“Alleluia! Sing to Jesus” in Prichard’s Famous “Hyfrydol”
“Alleluia! Sing to Jesus” is a text written by William Chatterton Dix in 1866. He wrote this text in celebration of the Lord's Service at Ascension services. Its original title is "Redemption by the Precious Blood" that first appeared in Altar Songs, Verses on the Holy Eucharist in 1867. This song is usually used during communion services due to its beautiful message. The hymn is generally sung in Hyfrydol tune, a piece of famous music composed in 1830 by a Welsh musician, Rowland Hugh Prichard at the age of nineteen.
William C. Dix was born on June 14, 1837, in Bristol. He was the son of a local surgeon named John Dix. At the age of 29, William became fatally ill, resulted in months of suffering confined in his bed. The amazing thing about this traumatic experience is that he wrote almost all his famous hymns during this incident. He was acknowledged for his talent because people considered writing hymns as a challenging thing to do. He died at Cheddar, Somerset, England and buried at his Parish Church in 1898.

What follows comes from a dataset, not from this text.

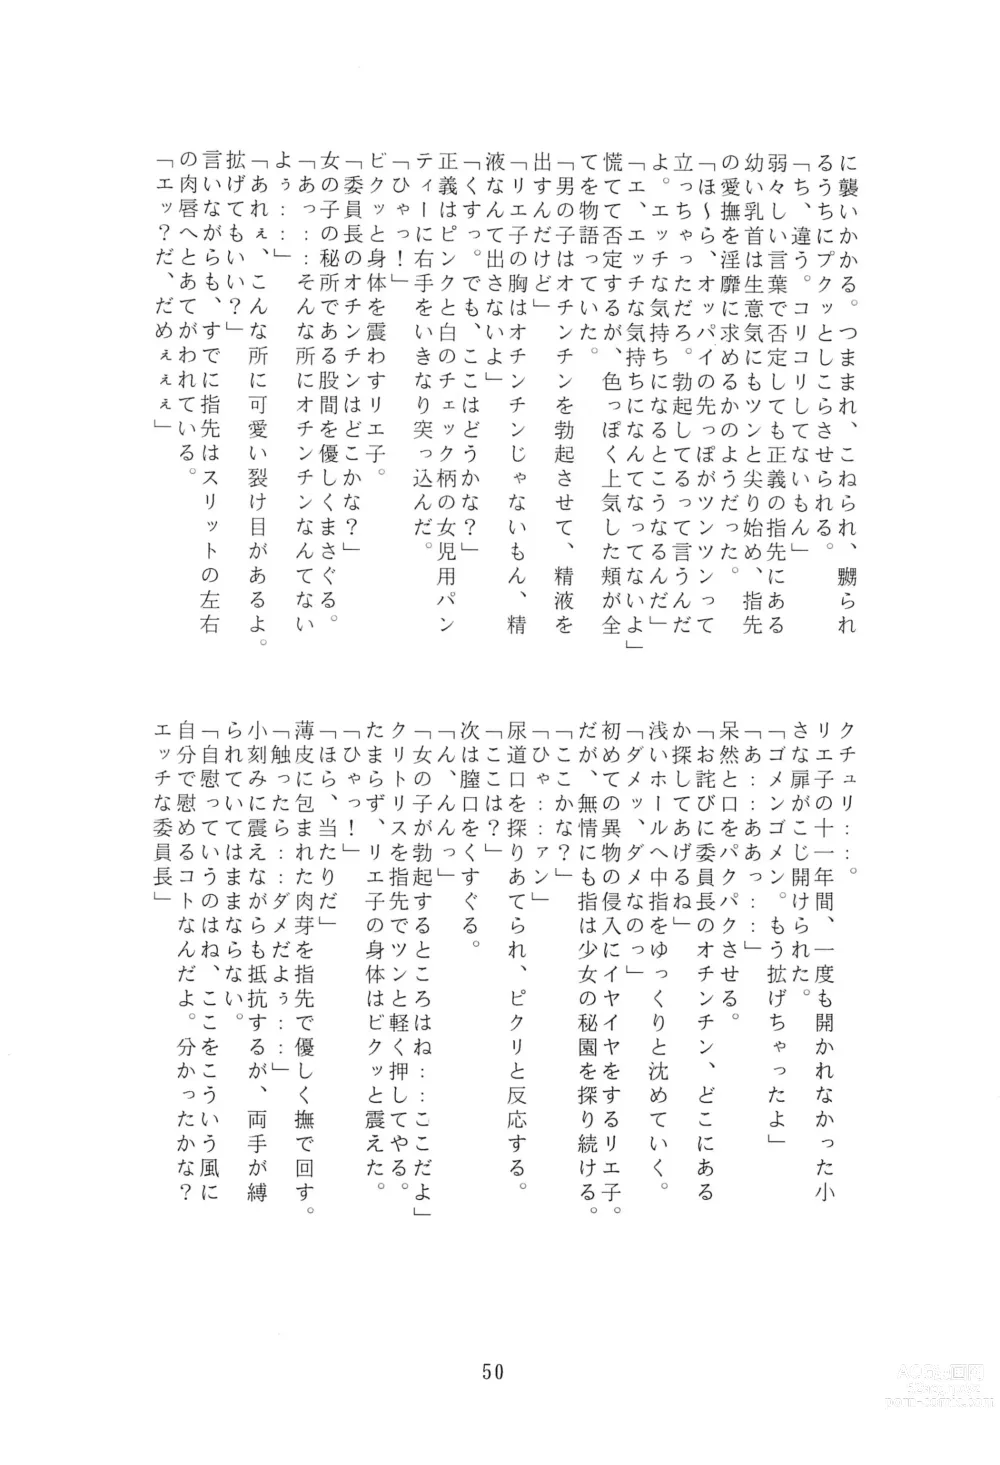 Page 50 of doujinshi JANGLE ONI Mermaid
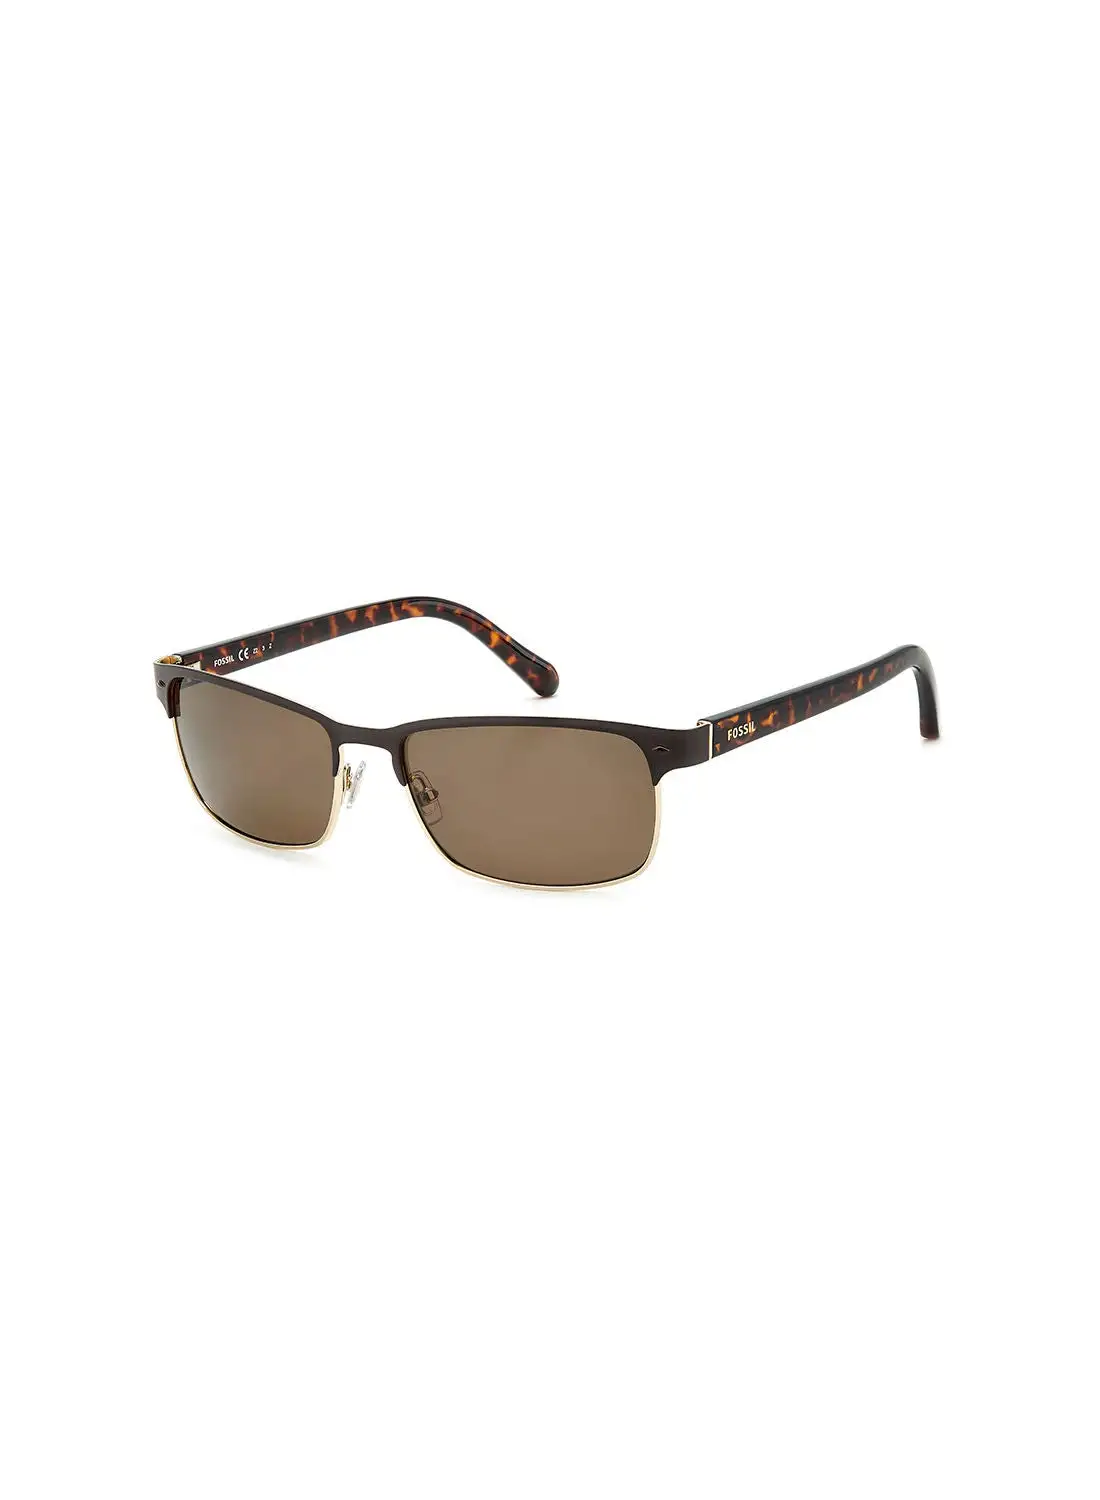 FOSSIL Men's UV Protection Rectangular Sunglasses - Fos 3000/P/S Brown 57 - Lens Size: 57 Mm

The composer, Rowland Hugh Prichard, was born on January 14, 1811, at Graienyn in Merionethshire, Wales. He spent most of his life in the town where he was born and worked as a loom tender’s assistant in Holywell. Rowland published a children’s songbook called Cyfaill y Cantorion (The Singer's Friend) in 1844. “Hyfrydol” was his greatest masterpiece.
The first stanza of the hymn was based on Revelations 5:9, where the “Song to Christ” is found, and it reminds us that the Grace of God finished the work of redemption. The second stanza was based on John 14:18 and Acts 1:9, and it tells us that God is omniscient. He’s with us in Spirit all the time. The third stanza expresses our repentance - that we acknowledged we’re sinners and we need His grace to put peace in our hearts.